>>>

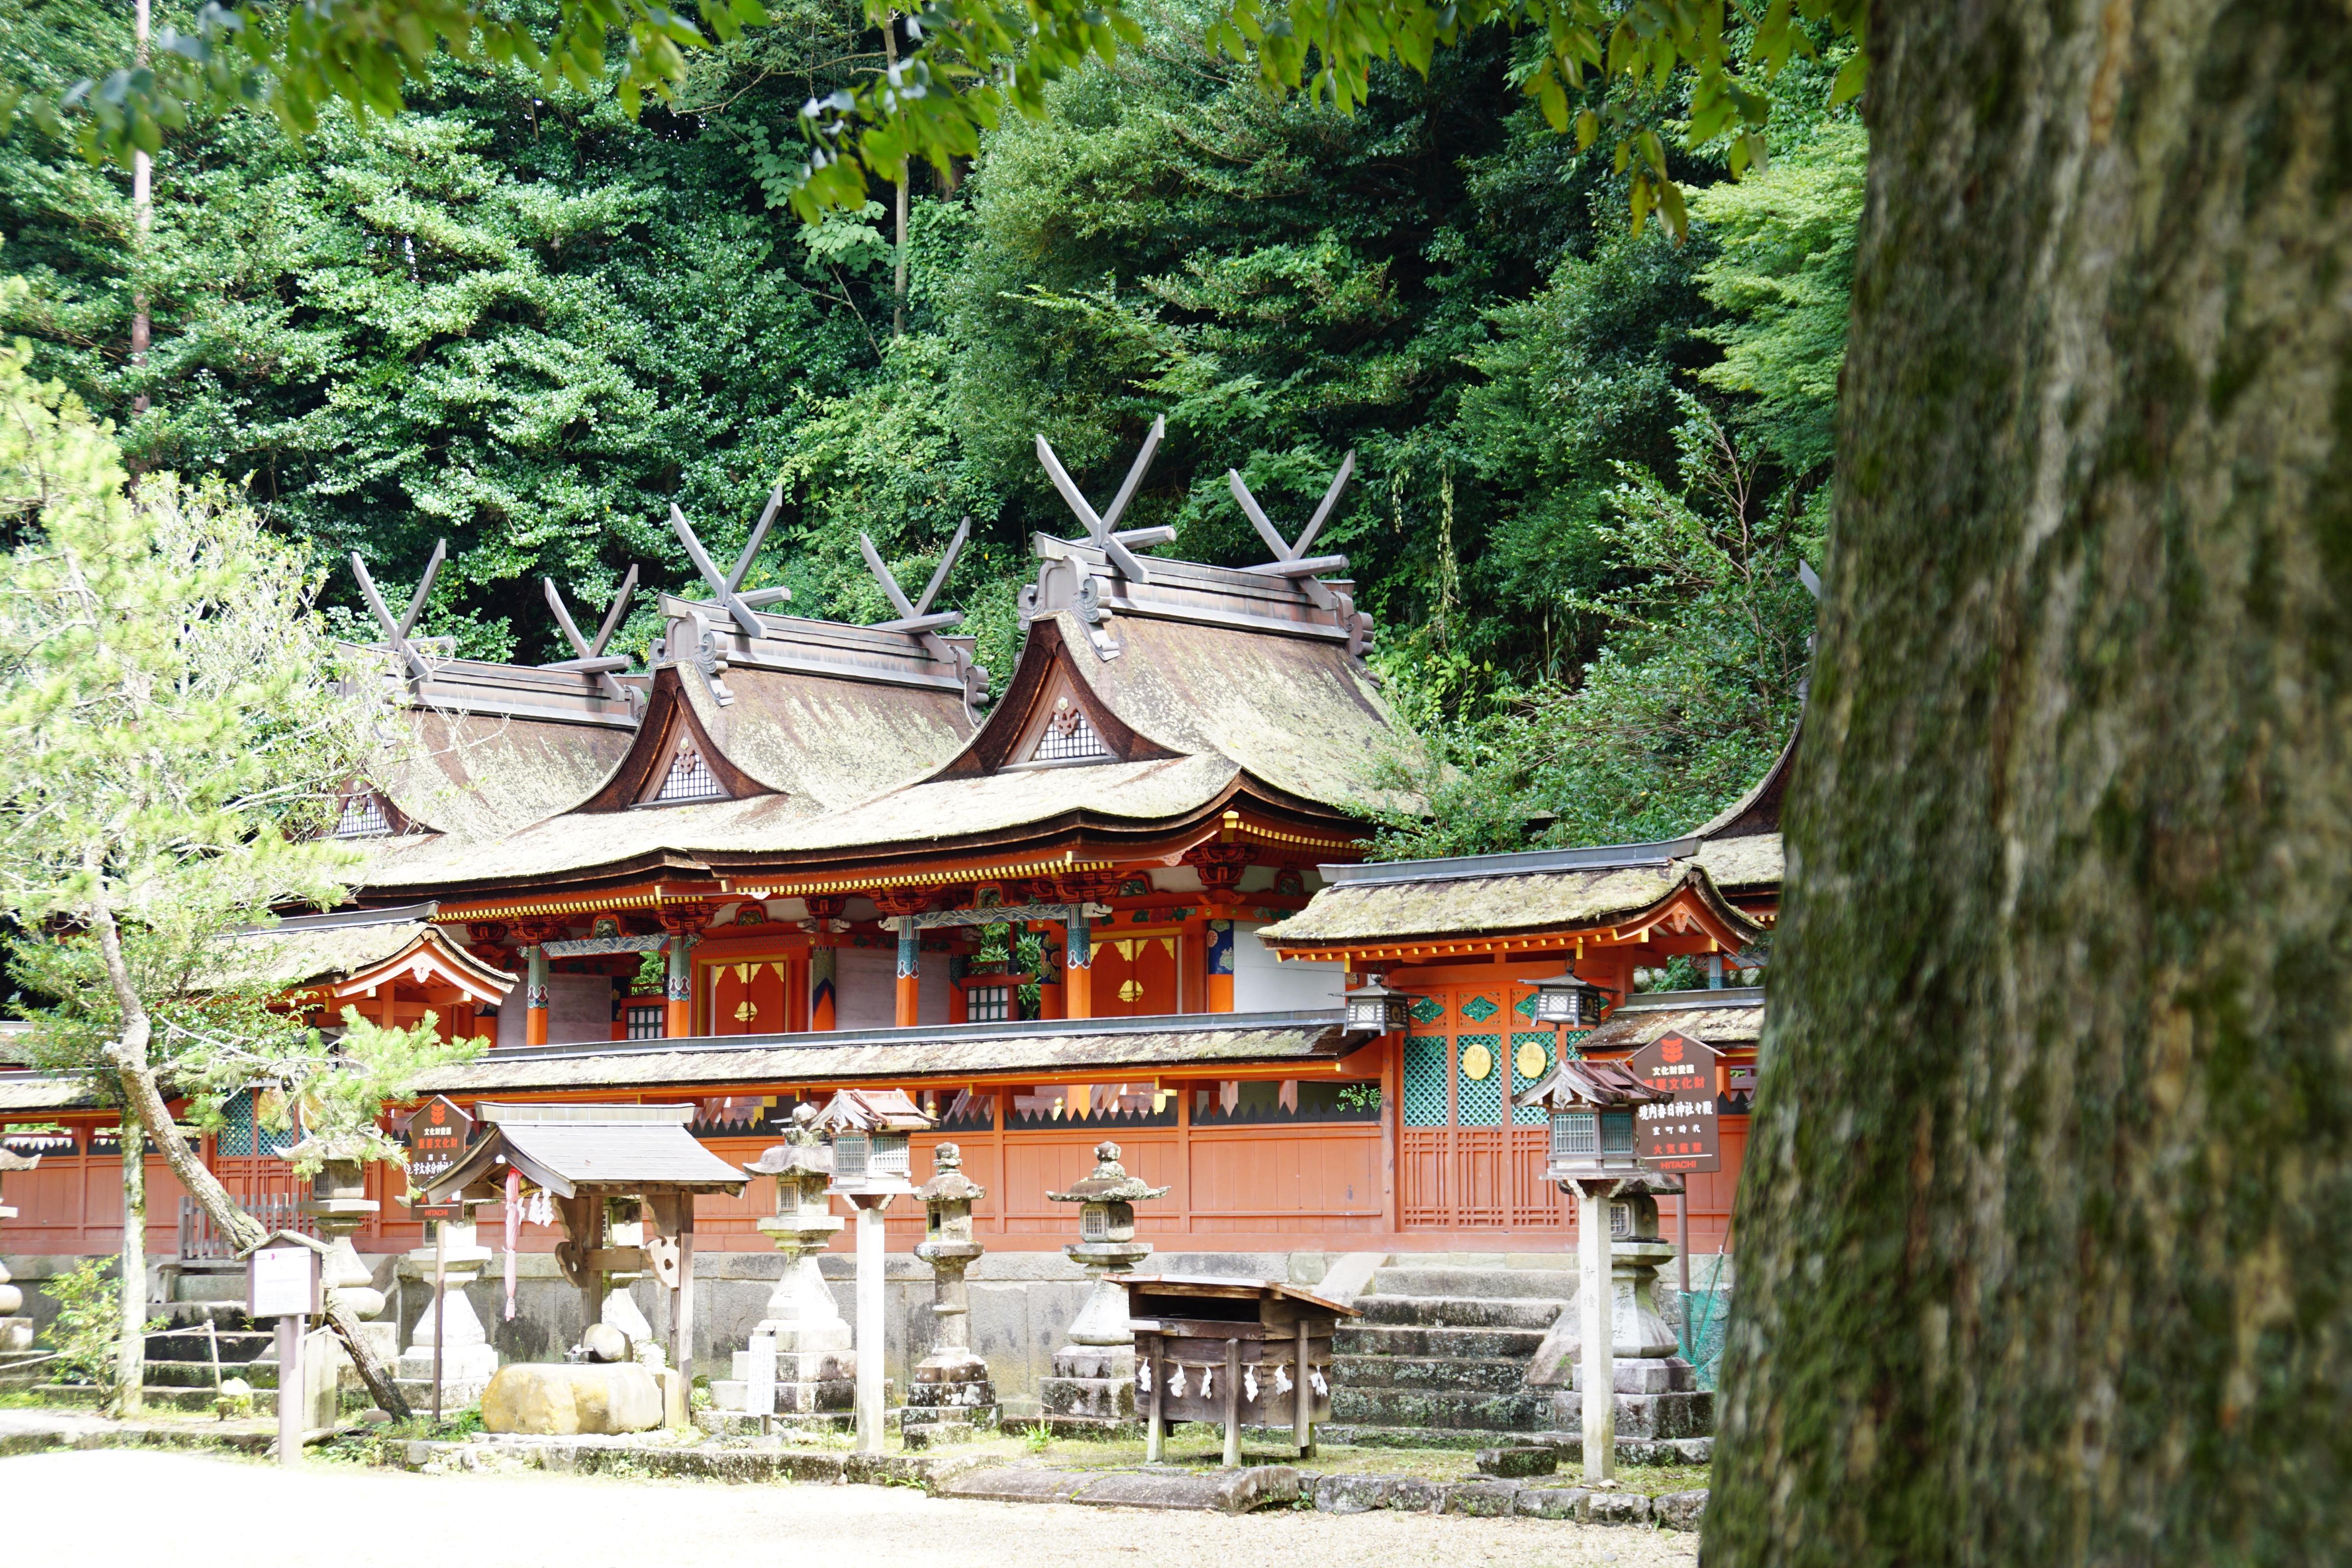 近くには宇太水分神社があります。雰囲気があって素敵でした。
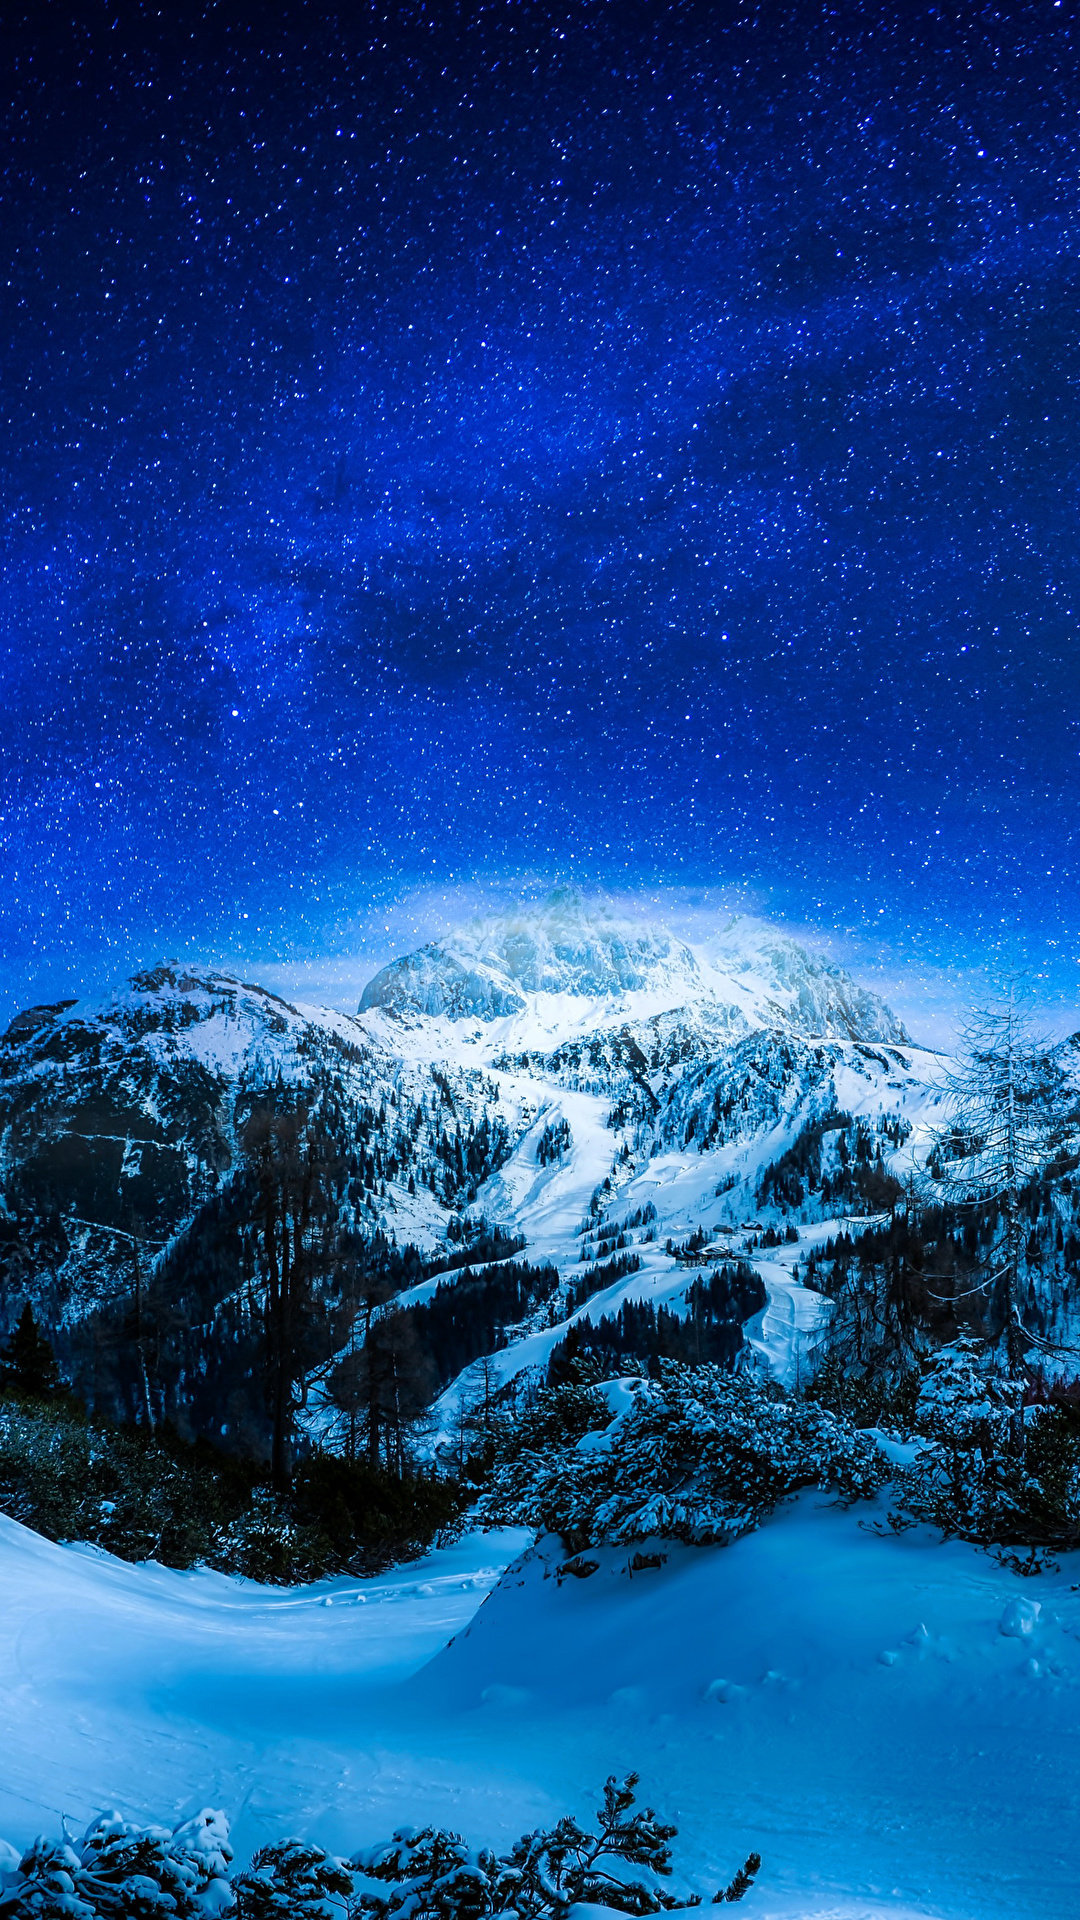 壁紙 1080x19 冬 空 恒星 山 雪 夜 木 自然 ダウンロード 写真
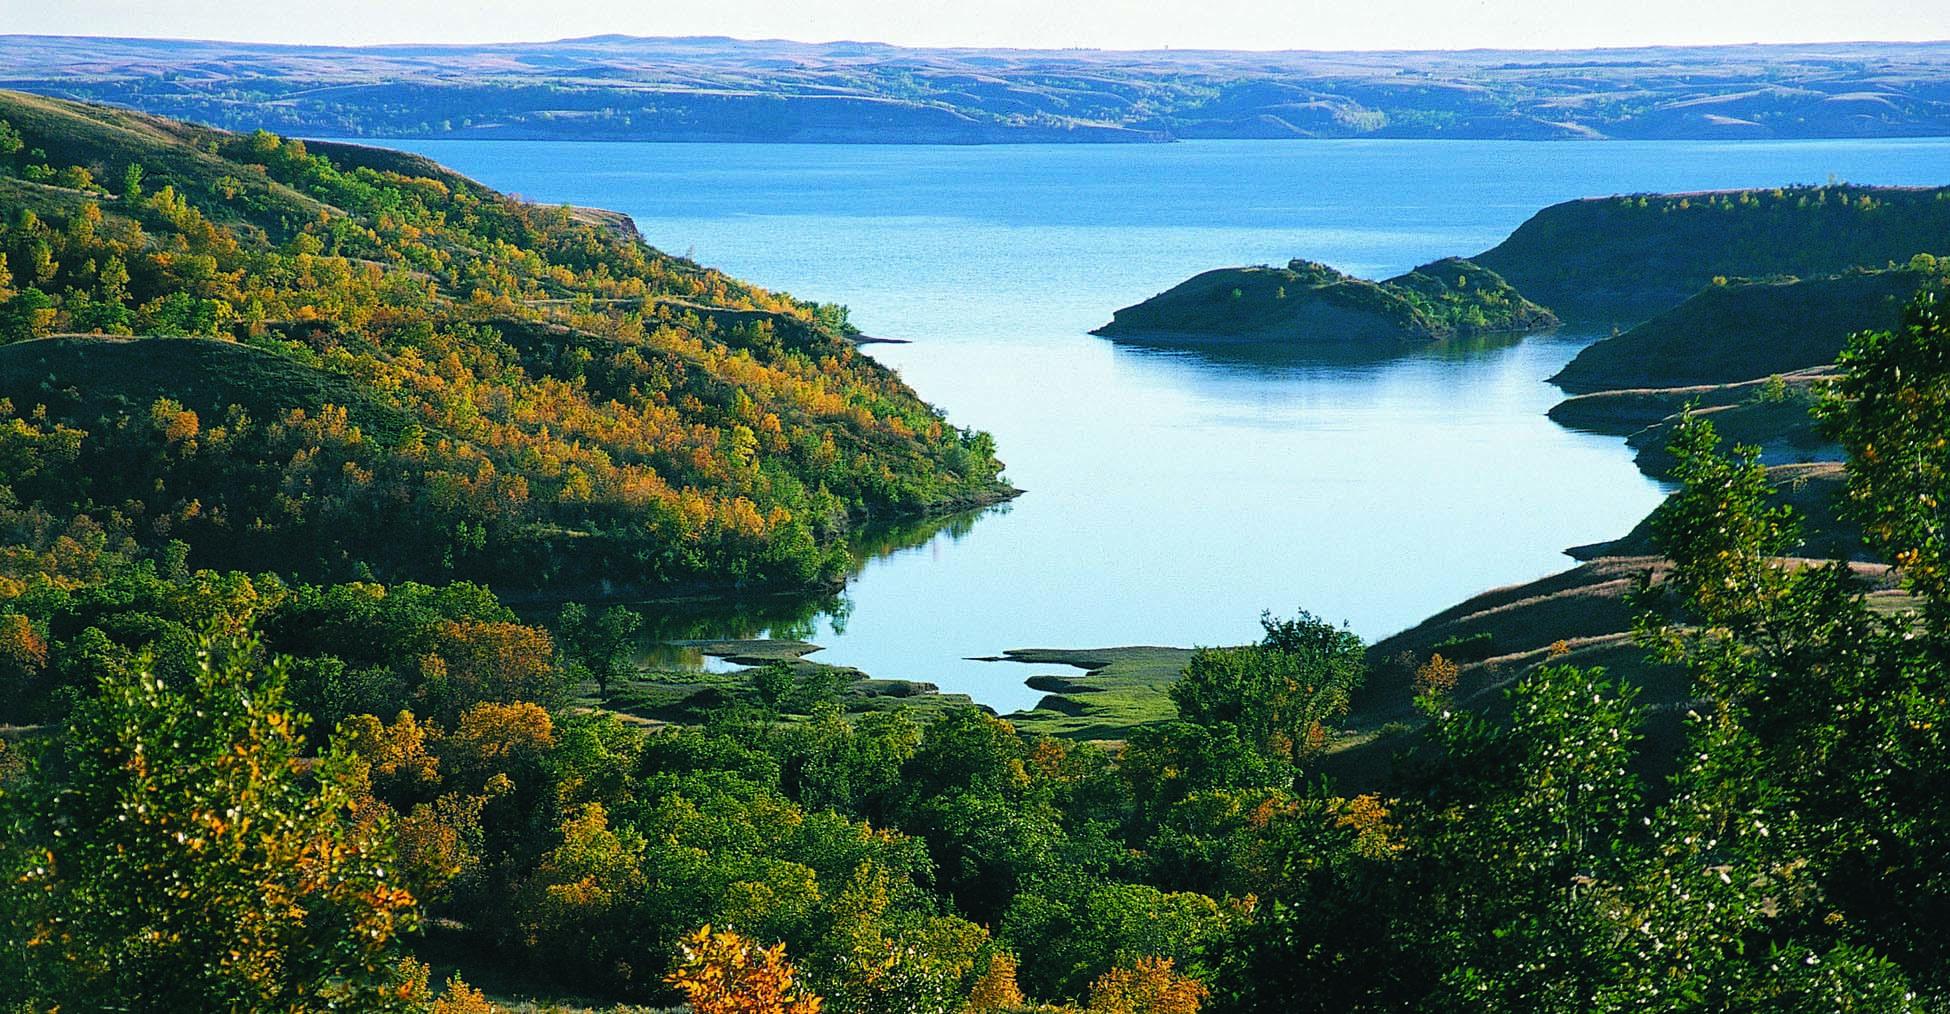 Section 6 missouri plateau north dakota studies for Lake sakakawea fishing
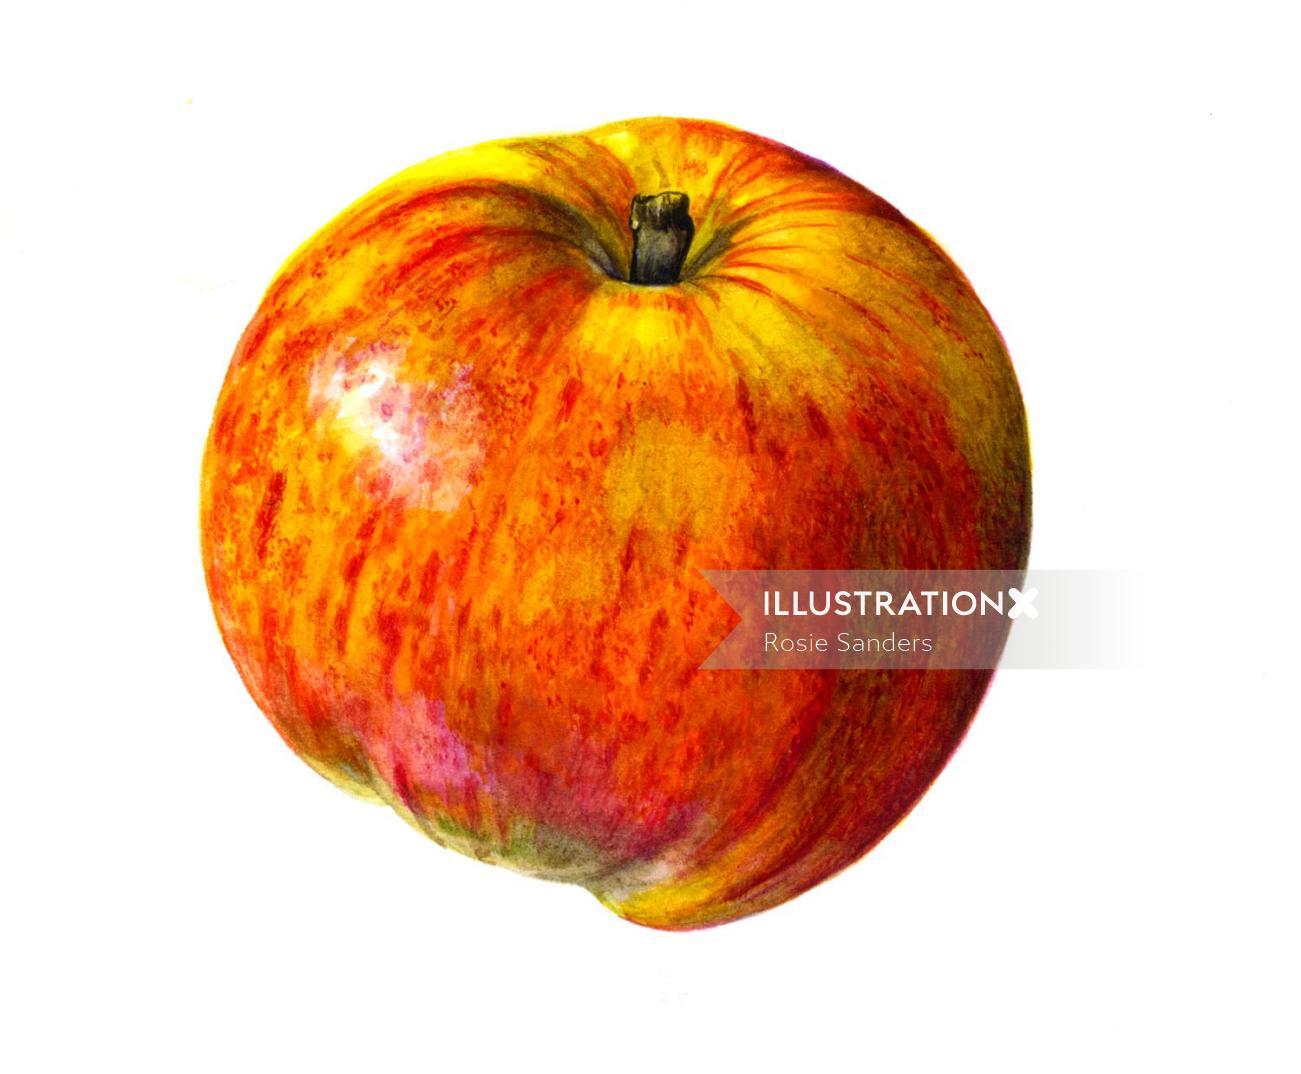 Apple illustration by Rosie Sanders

<<<

**EXERCISE DIRECTIONS**: Leave the pictures aside and print exactly, and only, the lines from the one with "Section 6 missouri" through the end of the data, both included.

**SOLUTION TO THIS TASK**:
 Section 6 missouri plateau north dakota studies for Lake sakakawea fishing
 Apple illustration by Rosie Sanders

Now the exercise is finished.